El Bautismo no solamente purifica de todos los pecados, hace
también del neófito "una nueva creatura" (2Cor 5;17), un hijo
adoptivo de Dios (Gl 4;5-7) que ha sido hecho "partícipe de la naturaleza
divina" (2Pe 1;4), miembro de Cristo (1Cor 6;15) (1Cor 12;27), coheredero
con Él (Rom 8;17) y templo del Espíritu Santo (1Cor 6;19).
¿Y qué hay de los 144.000 que según los testigos de Jehová son los únicos que con Cristo a la cabeza van a entrar en el cielo?
Dios no elige de entre la humanidad pecadora a un grupo de solamente 144.000 hombres para que vayan al cielo y gobiernen con Cristo sobre el resto de la humanidad. Al cielo van todos los que cumplen las condiciones propuestas por el propio Jesucristo. Véase si no: (Mt 5;1-3) (Mt 6;19-21) (Mt 7;21) (Mt 7;28) (Lc 12;32-34) (Col 3;1-2), etc.
144.000, como cantidad literal e irrefutablemente exacta, es la interpretación que los testigos de Jehová dan al resultado de multiplicar dos números que consideran simbólicos (¿?): 12 tribus x 12.000 de cada tribu. Estos son solamente los que, según ellos, entrarán en el cielo, dejando a un lado las palabras de Jesucristo que, como ejemplo, hemos visto en las referencias anteriores.

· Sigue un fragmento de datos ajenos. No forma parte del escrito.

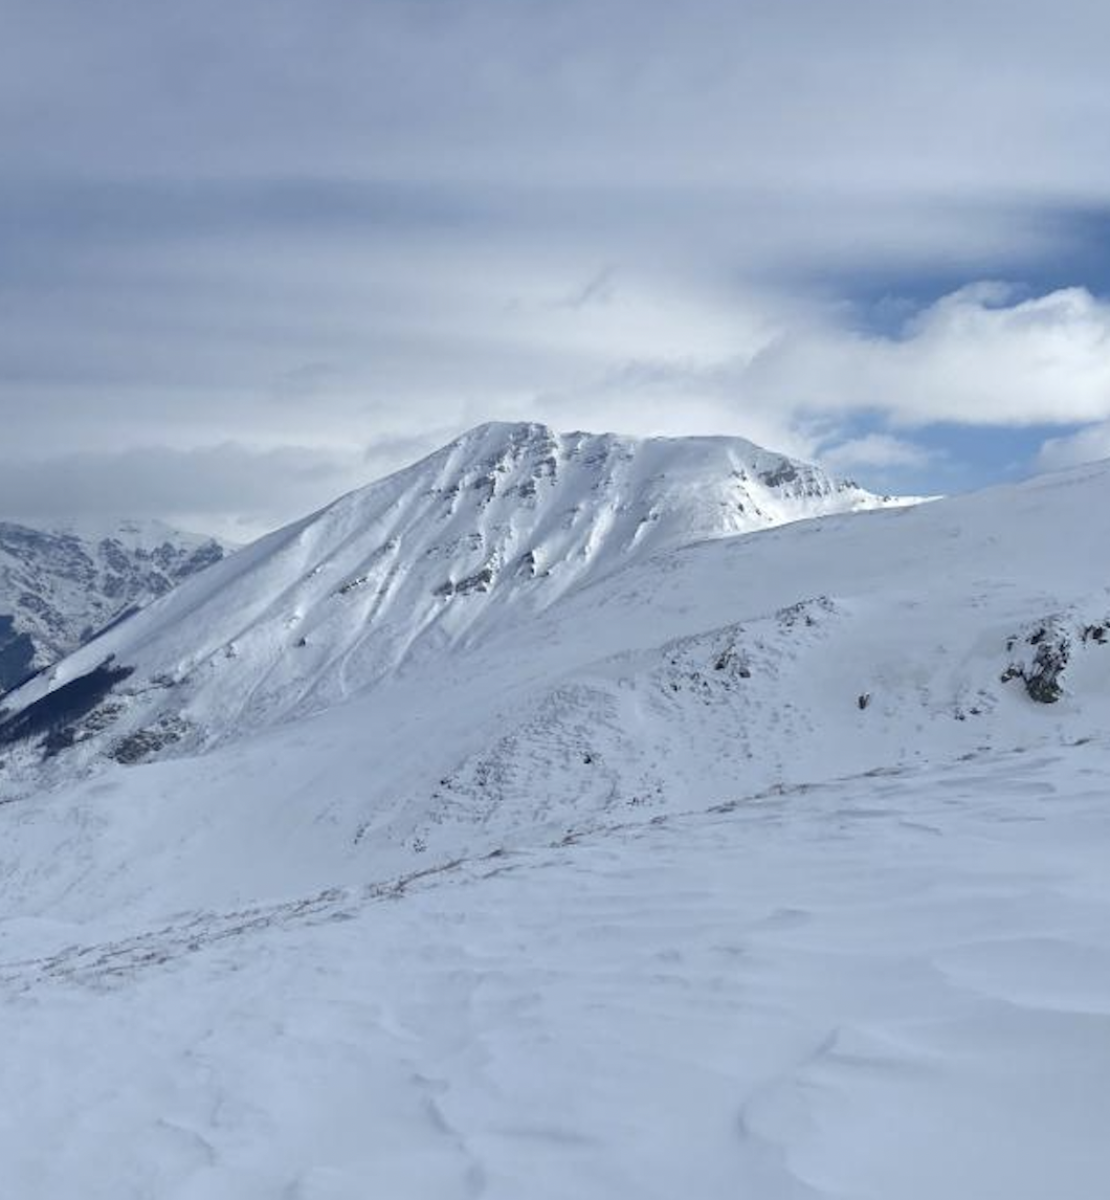 Una imagen de la cima de una montaña nevada en un día nublado.

Podríamos añadir que si a estos 144.000 se les llama las “primicias” (Sant 1;18) (1Pe 2;9) es que, tras este número a todas luces simbólico, seguirá una multitud de personas tal cual se describe en la propia Escritura.
Cualquier persona que es bautizada en el nombre del Padre, y del Hijo, y del Espíritu Santo, tal cual indicó Jesucristo a sus apóstoles, recibe el perdón de sus pecados y la dádiva gratuita del Espíritu Santo, por lo que experimenta un cambio tan profundo que, según Jesús, es como volver a nacer o ser “engendrado desde arriba” (Jn 3;3-5).